With Spencer taking a backseat during the creative process due to addiction-related issues that eventually forced him to leave the band, Panic! At The Disco was now, in essence, a solo project. Instead of hiding, Brendon’s personality came to the forefront of the record. Taking influences from hip-hop, dance and twitching beats, ‘Too Weird to Live…’ is a more spacious, luxurious record that still knows how to pack a punch. There’s a playful excitement to every track and Brendon - who’s never taken himself too seriously - managed to inject even more fun into the disco. Balancing that with a hyper confessional intimacy, Panic! were still pushing forward and changing the rules of the game.
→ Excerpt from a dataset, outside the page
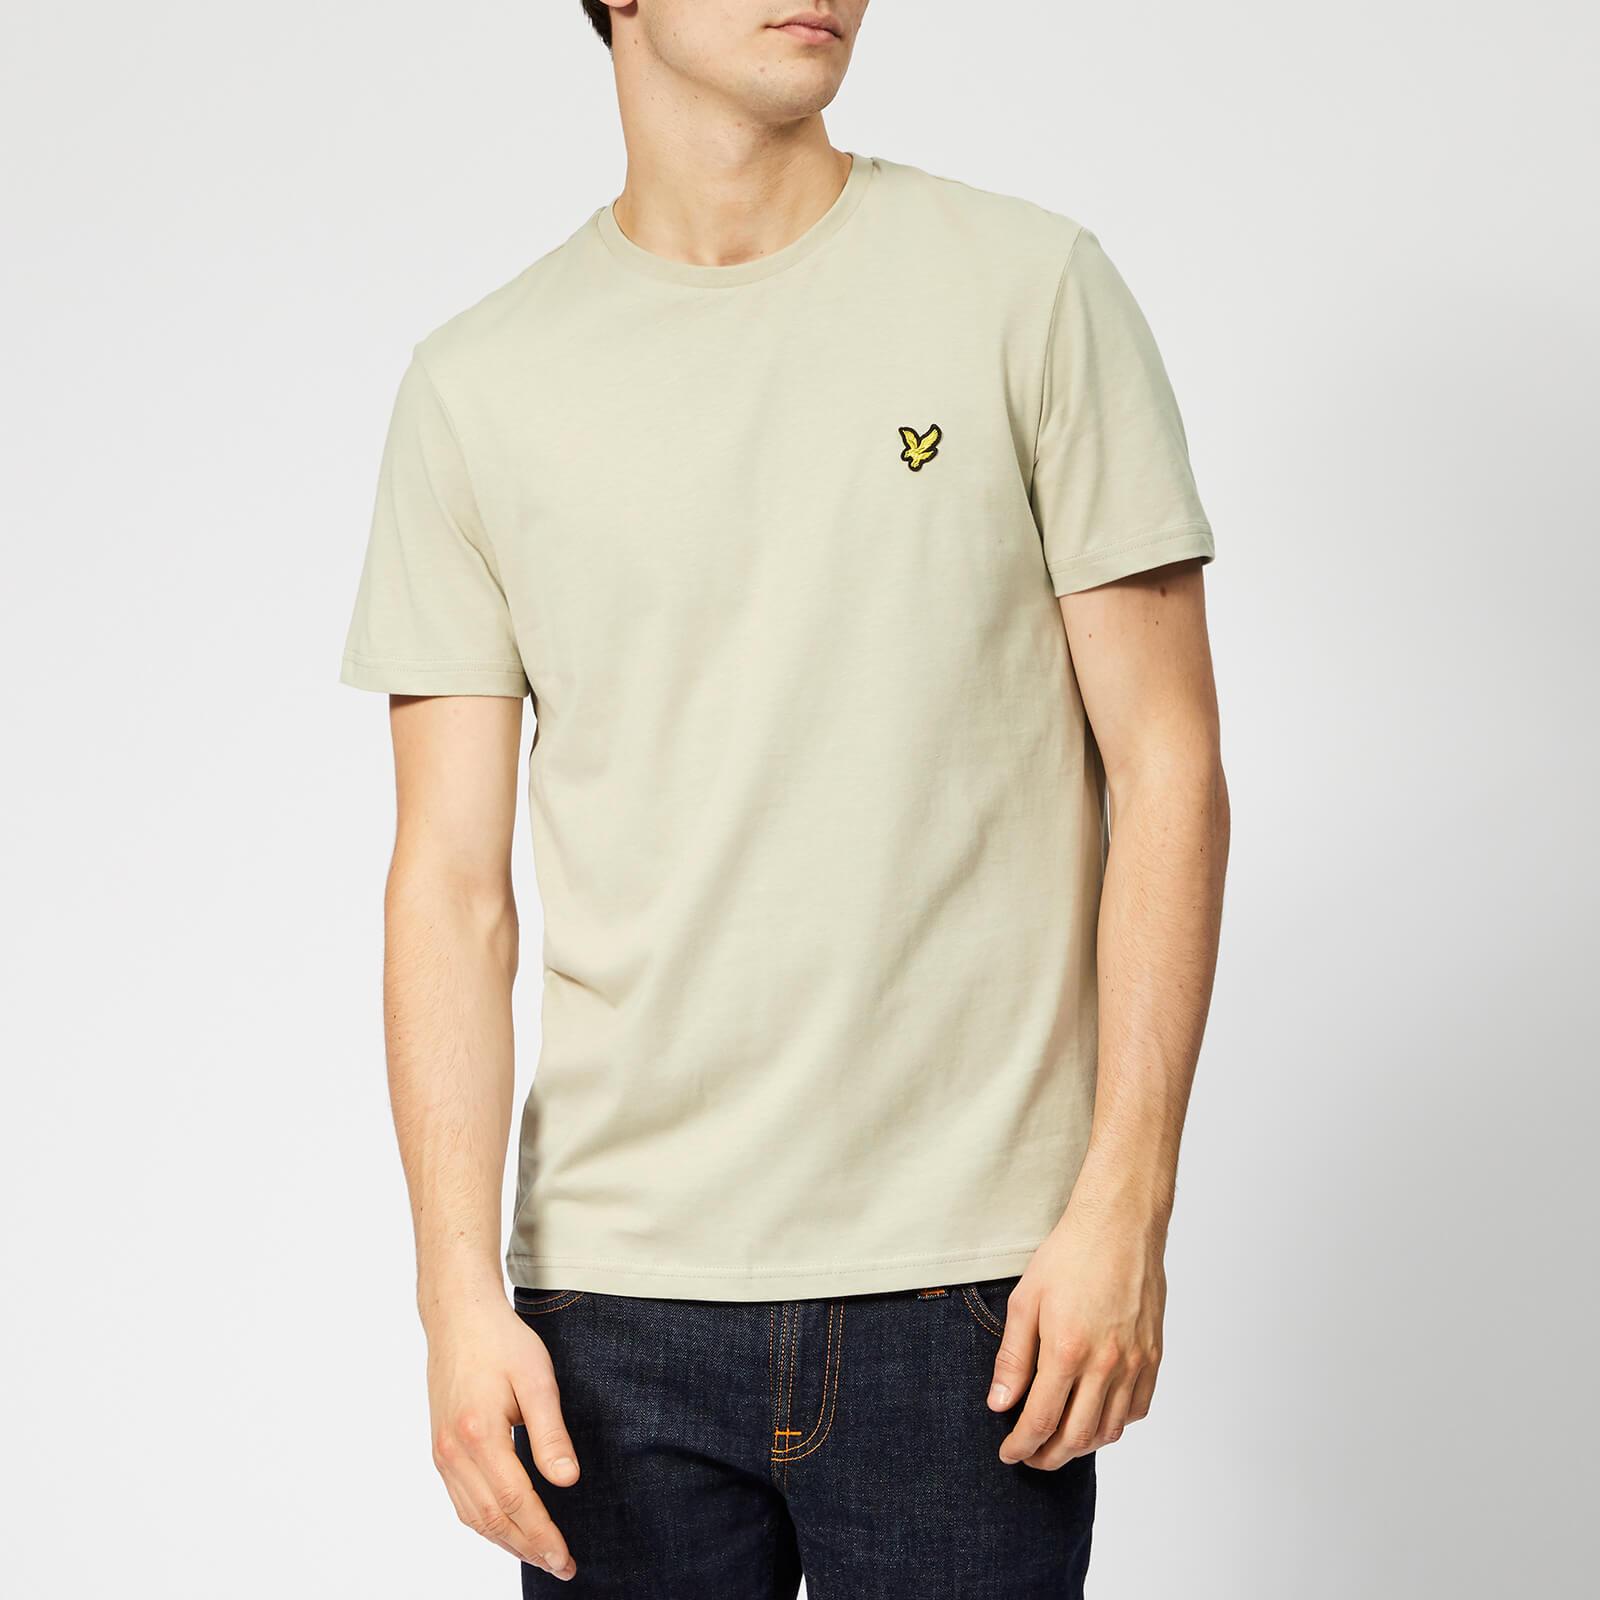 fd26d27a54256 Lyle & Scott Men's Plain T-Shirt - Green Stone Clothing | TheHut.com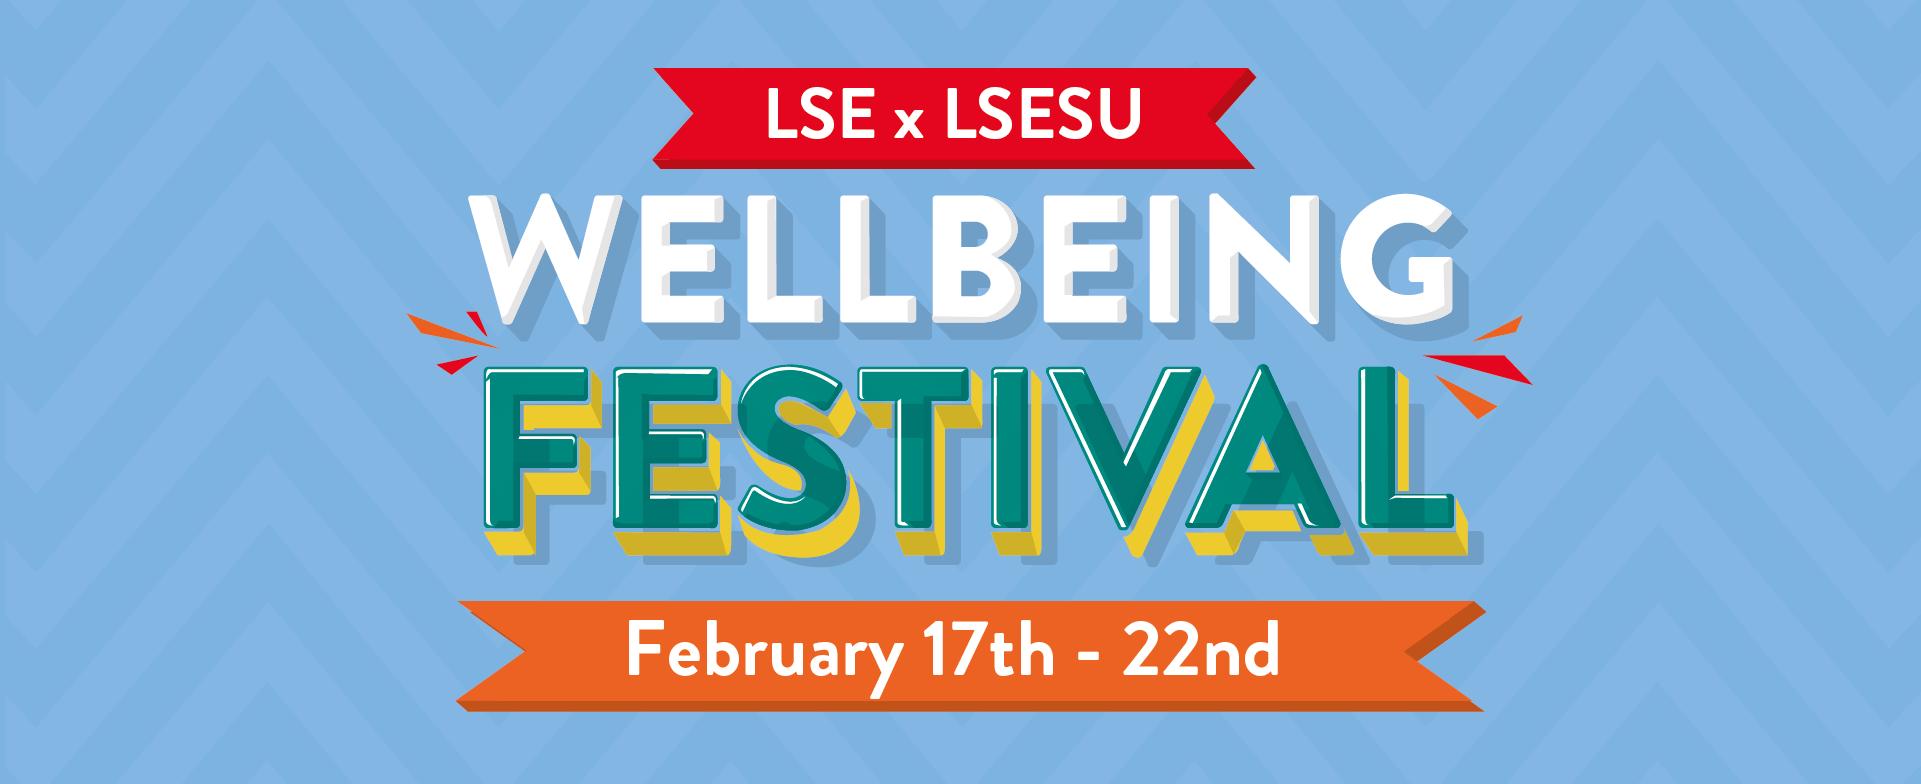 Wellbeing Festival LSExLSESU

The lyrics for closing track ‘The End Of All Things’ were written as his wedding vows. Even then, it was like Brendon was planning the next era of his band.

The Death Of A Bachelor

We’ve heard four tracks from the imminent fifth album ‘Death Of A Bachelor’. The title track takes that minimalist dance from their previous record and warps it while ‘Hallelujah’ is a glorious, affirmation of still having a voice after all these years. ‘Victorious’ is aptly named while ‘Emperor’s New Clothes’ begins with a mournful snippet of ‘This Is Gospel’, the lead single from their previous album before tumbling into a gleeful, musical romp. Even with this much insight, it’s impossible to guess just where Panic! At The Disco is going to go next. As Brendon, now toying with production, finds himself in an ever-growing musical candy shop, that beaming charisma is becoming more and more captivating.

We know two things. It’s not going to sound like anything we’ve heard before and it’s going to be brilliant. That’s just who Panic! at the Disco are.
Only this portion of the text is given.